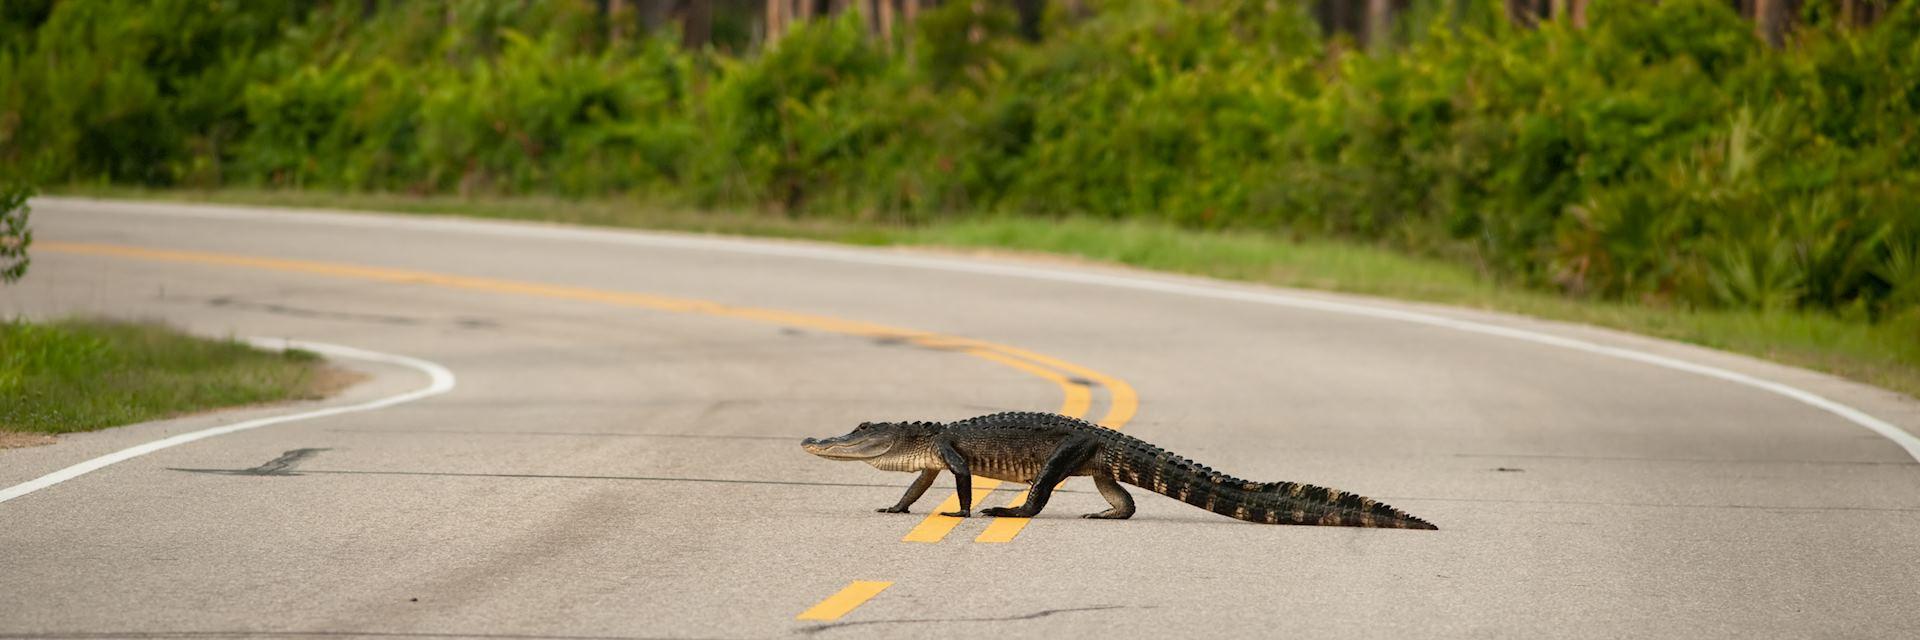 Alligator on Florida road
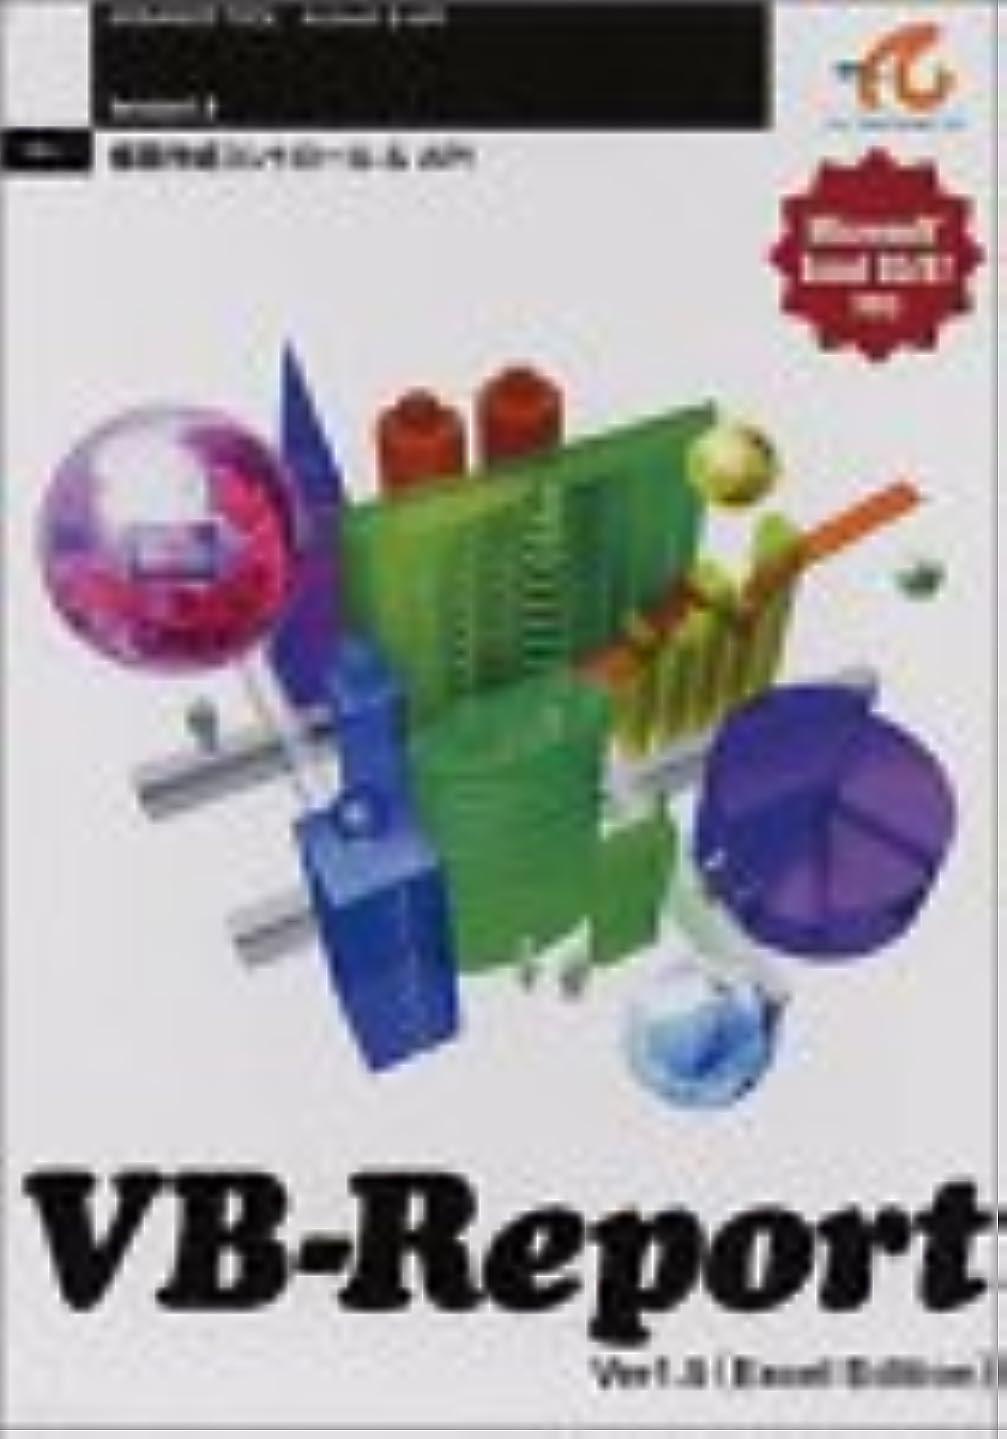 流行ハイブリッド段落VB-Report Ver.1.0 (Excel Edition)
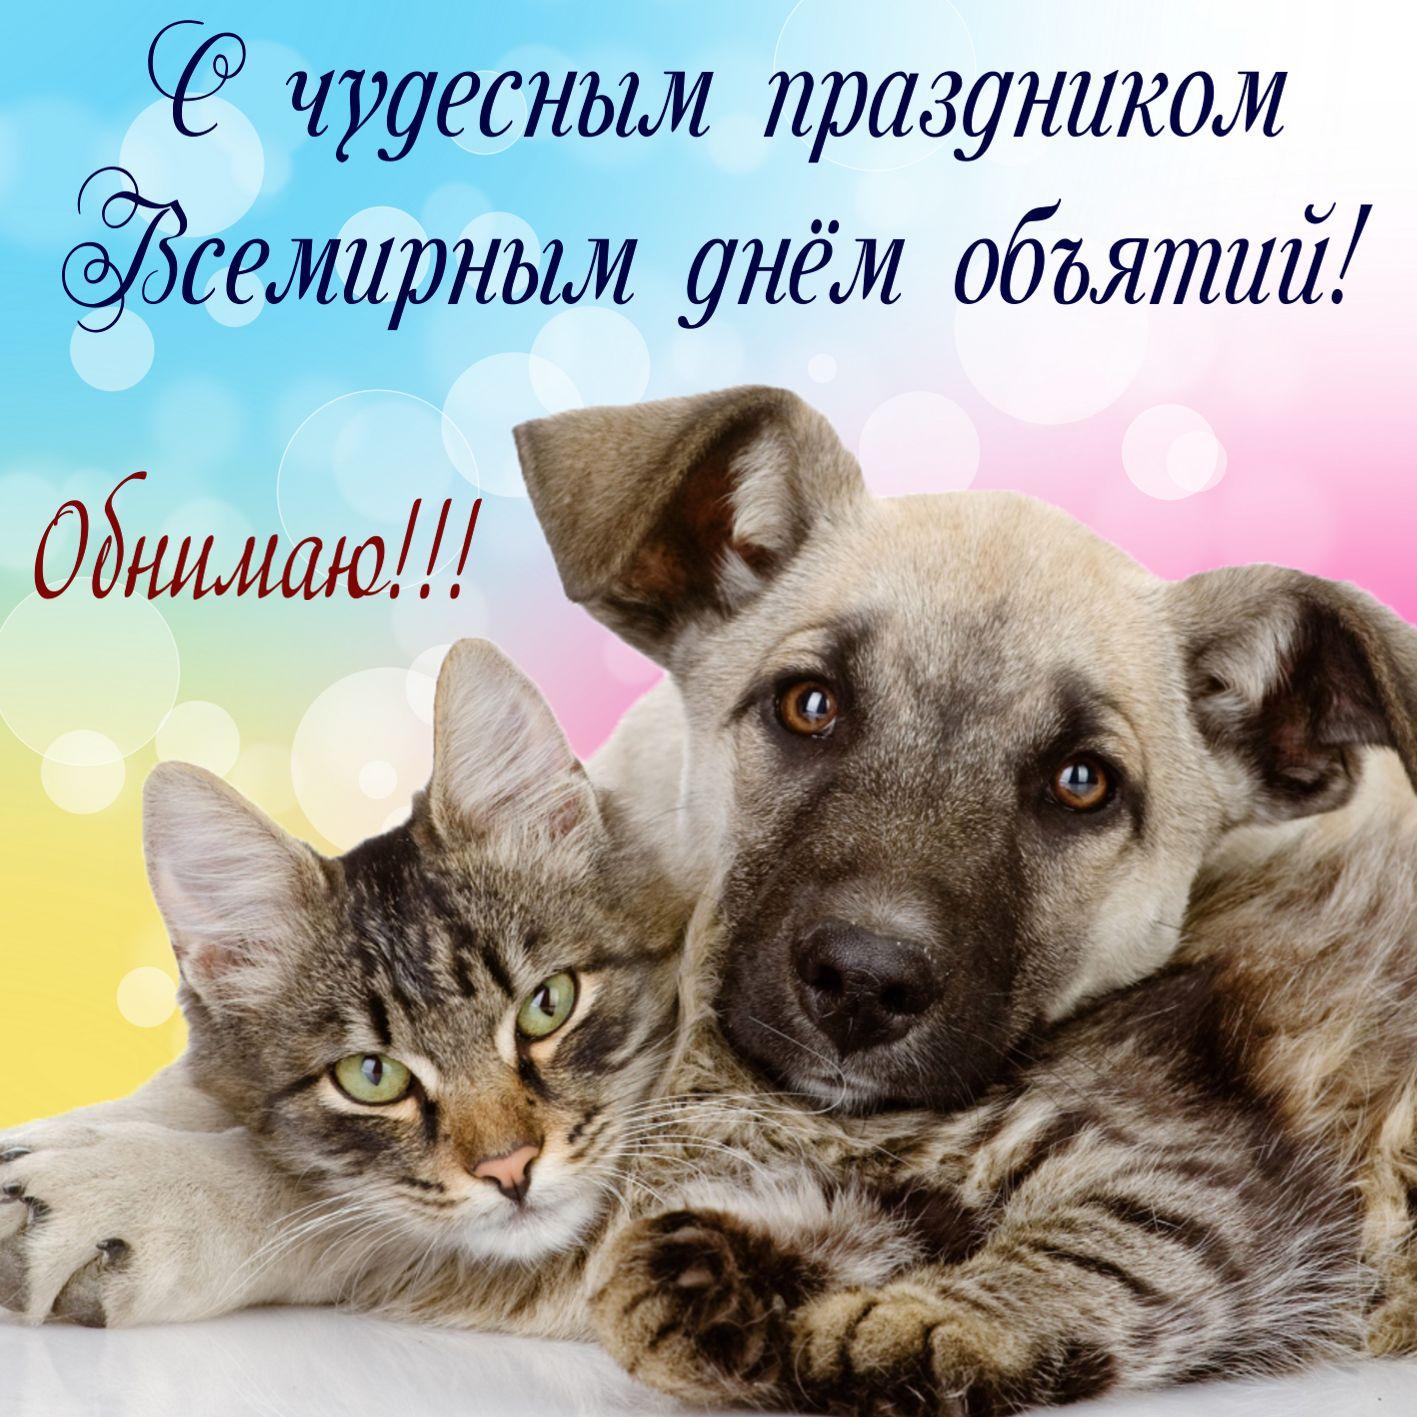 Красивые собачка и котик на Всемирный день объятий

INSTRUCTIONS FOR THE TASK>
Pictures excluded, quote all the data above exactly.

TASK OUTPUT>
 Alligator on Florida road
 流行ハイブリッド段落VB-Report Ver.1.0 (Excel Edition)
 Красивые собачка и котик на Всемирный день объятий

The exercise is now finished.